From its humble beginnings as a junior college operating out of a high school basement to its growth as a top-ranked university, Monmouth has had 90 years of rich history.

In 1933, Monmouth opened as a junior college that operated out of Long Branch high school and only offered night classes. It was created as an affordable opportunity for higher education during the nation’s economic downfall at the time.

In 1947, the New Jersey Board of Education gave Monmouth full accreditation to award associate degrees to students. Just a few years later, in 1956, Monmouth Junior College became Monmouth College and was yet again accredited by the state, this time to offer four-year programs for bachelor’s degrees.

In 1995, Monmouth was granted university status by the New Jersey Commission on Higher Education and officially became Monmouth University.

“Monmouth University opened its doors as a junior college in the throes of the Great Depression to offer quality education to local students aspiring to earn a college degree,” explained Patrick Leahy, Ed.D., President of Monmouth University. “As Monmouth evolved over the ensuing 90 years—first into a four-year college, and soon into a nationally ranked university boasting doctoral programs, Division I athletics, and state-of-the-art facilities—our commitment to excellence and access has remained steadfast.”

“To see that evolution in a relatively short period of time should make everybody very proud. Ninety years is a long time,” said Mary Anne Nagy, Vice President for Student Life and Leadership Engagement. “Ten years from now when we’re celebrating the 100th, that will be pretty cool. It’s a testament to the people who are here now and the people who have been here, who built this institution.”

Nagy reflected on changes she’s seen since she joined Monmouth University in 1986, citing the addition of several residential and academic buildings: “This was a very different campus physically. When I first came to Monmouth, the only residence halls were Elmwood, Pinewood, and the suite style buildings.

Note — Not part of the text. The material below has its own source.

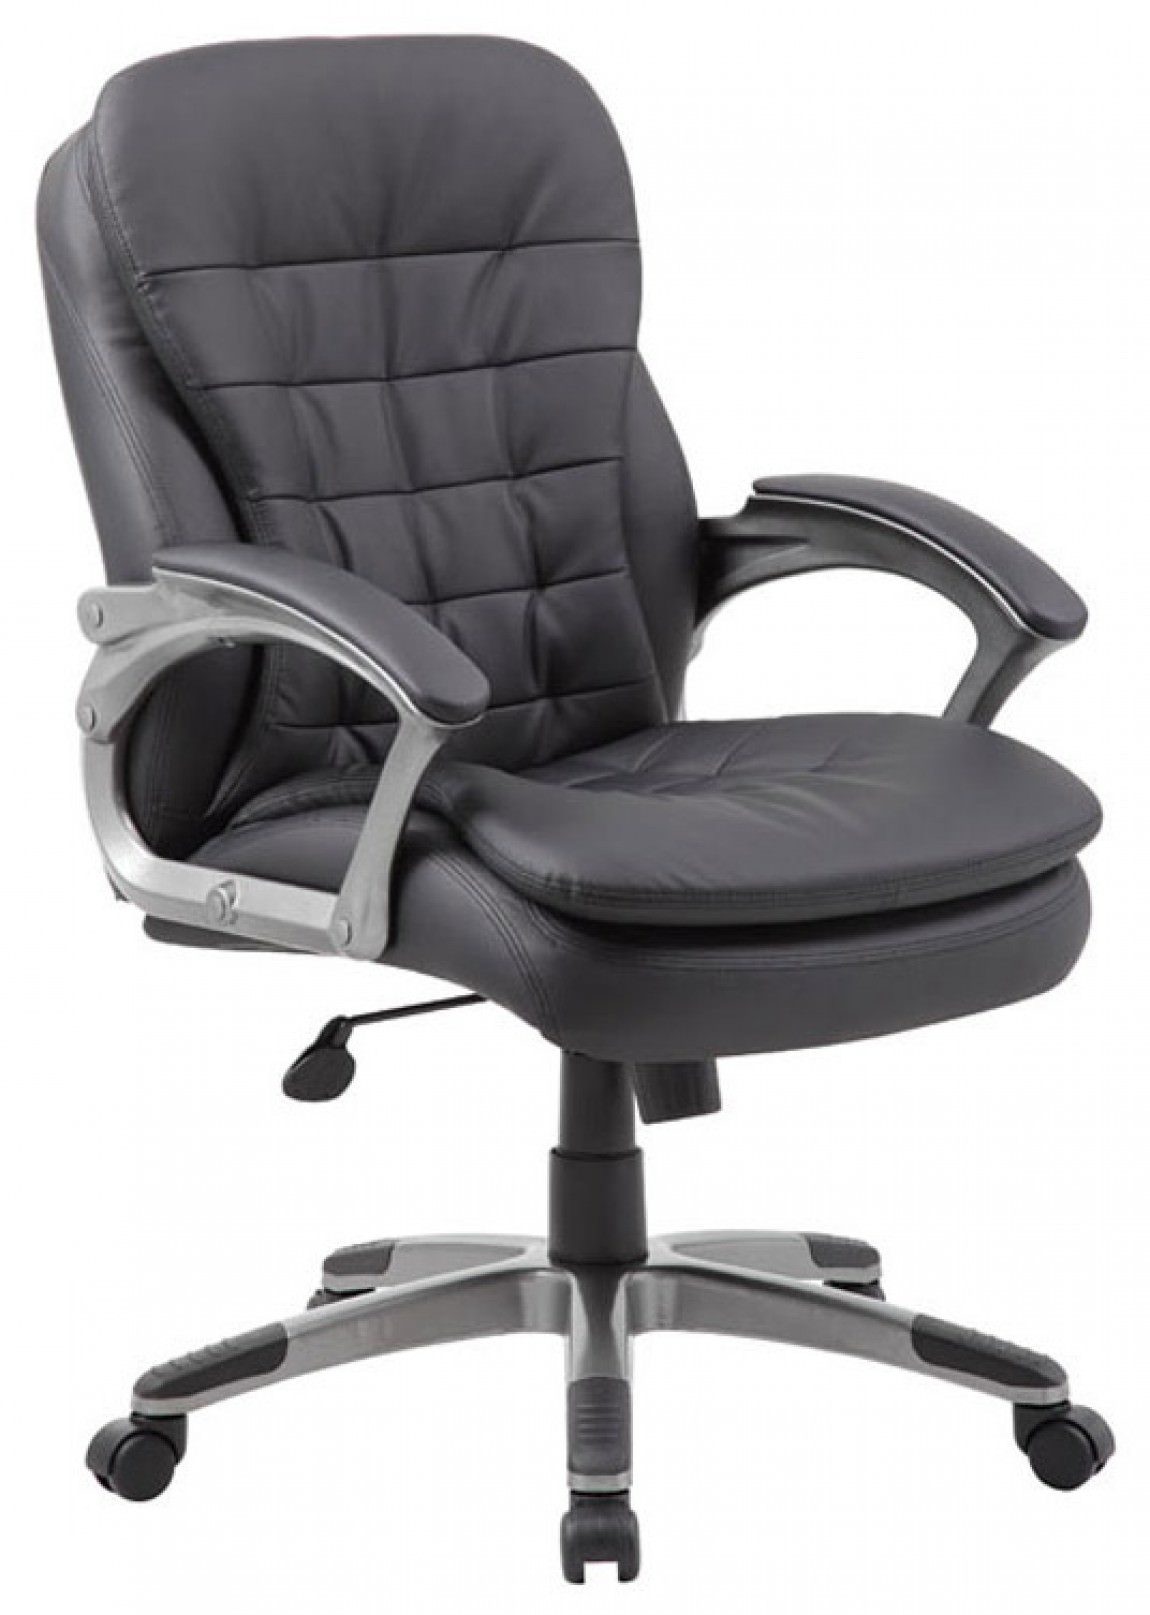 https://madisonliquidators.com/images/p/1150/19359-executive-mid-back-office-chair-1.jpg

Redwood, Oakwood, Maplewood, Mullaney, and Hesse were all added, along with the Great Lawn and Garden apartments. You didn’t have McAllan, you didn’t have Plangere, I can’t even tell you what the dining hall looked like. I’m not even sure we had a fitness center.”

She noted that much of Monmouth’s growth happened under former presidents Rebecca Stafford and Paul Gaffney, who oversaw the University from 1993 through 2013, and credited them for “positioning the institution so well.”

Leahy explained that the 90-year anniversary will be formally commemorated later this year at the Founder’s Day celebration in the fall.

In the meantime, the University is celebrating its 90th birthday through the 2023 Giving Days, an annual 48-hour campaign to raise support for Monmouth’s students and programs. Donors who give $33 or more, set in honor of Monmouth’s founding year, will receive limited edition socks.

“Every day, thousands of gifts are at work on our campus,” explained Lindsay Wood, Senior Director for Alumni Engagement and Annual Giving. “In 2022, Giving Days donors contributed nearly $200,000 to 75 different funds, representing scholarships, academic programs, Division I sports, and clubs and organizations close to their heart. Their support made an immediate impact on our students, providing additional resources that helped them soar.”

The 2023 Giving Days campaign will take place on Thursday, March 23 through Friday, March 24.

Although there are incentives for donating a specific amount, Wood noted that gifts of any size make a difference and help “provide access to an excellent Monmouth education.”

The institution is now nationally ranked, has 22 Division I athletics teams, and offers a wide array of undergraduate, graduate, certificate, and doctoral degree programs, coming a long way from its opening as a junior college.

“There’s been a lot of growth and development here, and that’s definitely something to be very proud of,” concluded Nagy.